AI-Designed Concrete Revolutionizes Marine Infrastructure

In a groundbreaking development for marine infrastructure, researchers have harnessed the power of artificial intelligence to design high-performance concrete (HPC) that could revolutionize the construction of sea-crossing tunnels and bridges. The study, led by Qiling Luo from the State Key Laboratory of Hydraulic Engineering Intelligent Construction and Operation at Tianjin University and the College of Civil and Transportation Engineering at Shenzhen University, marks a significant leap forward in the application of machine learning to real-world engineering challenges.

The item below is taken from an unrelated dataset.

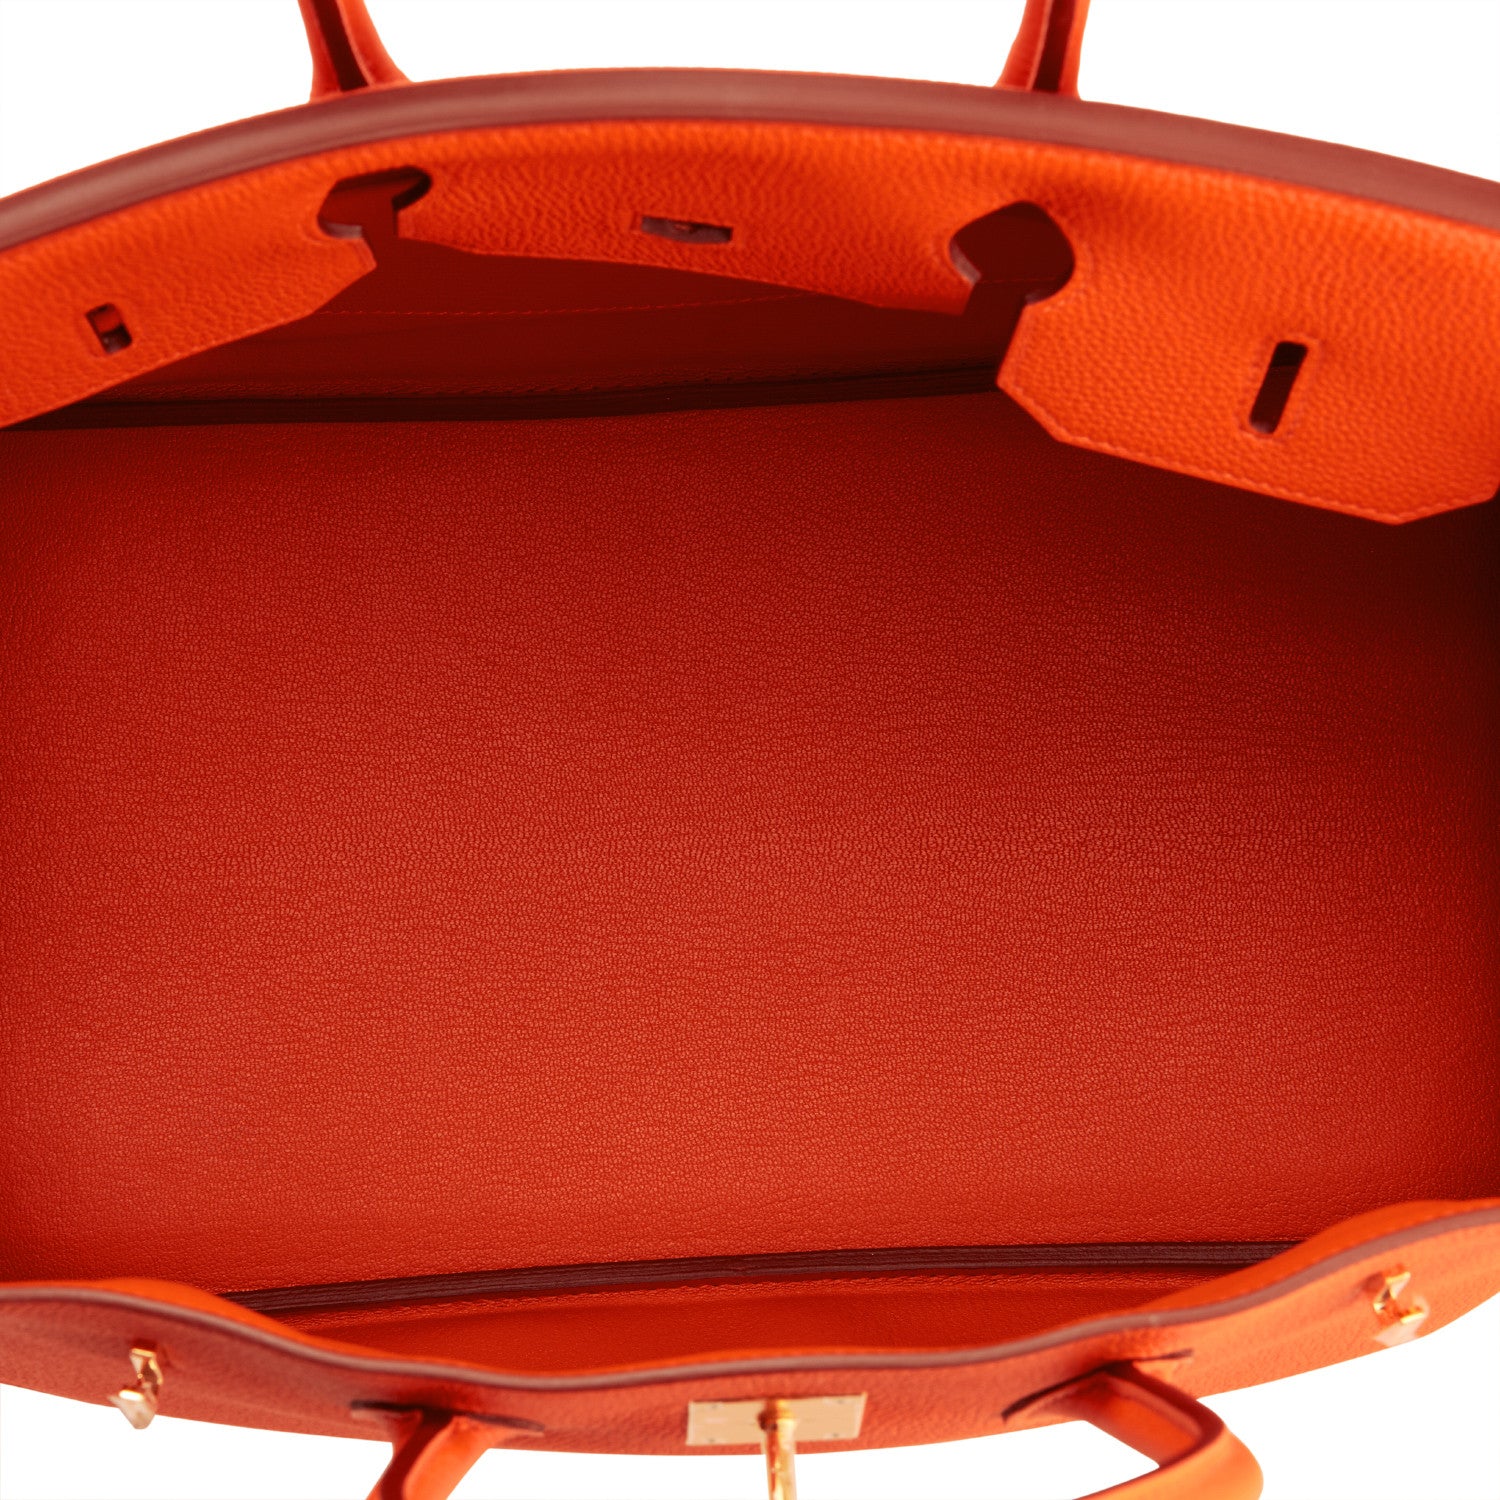 Hermes Birkin Bag 35cm Orange Gold Hardware

The research, published in “Case Studies in Construction Materials,” addresses a critical gap in existing AI-based mix-design studies. “Most studies rely on limited lab-scale mixes and often overlook aggregate gradation, which is crucial for real-world applicability,” Luo explains. To bridge this gap, the team developed an AI-driven framework that combines machine learning-based performance prediction with multi-objective optimization. The framework is supported by a large-scale field dataset comprising 939 HPC mix designs collected from major marine infrastructure projects, including the Shenzhen–Zhongshan Link and the Huangmaohai Sea-Crossing Passage.

One of the standout features of this study is the incorporation of full particle-size distribution descriptors, including eight cumulative sieve residue percentages and maximum aggregate size, to capture granular packing effects. This detailed approach allows for more accurate predictions of key properties such as slump, 28-day compressive strength, and 28-day rapid chloride penetration coefficient, with an impressive R² value ranging from 0.90 to 0.95.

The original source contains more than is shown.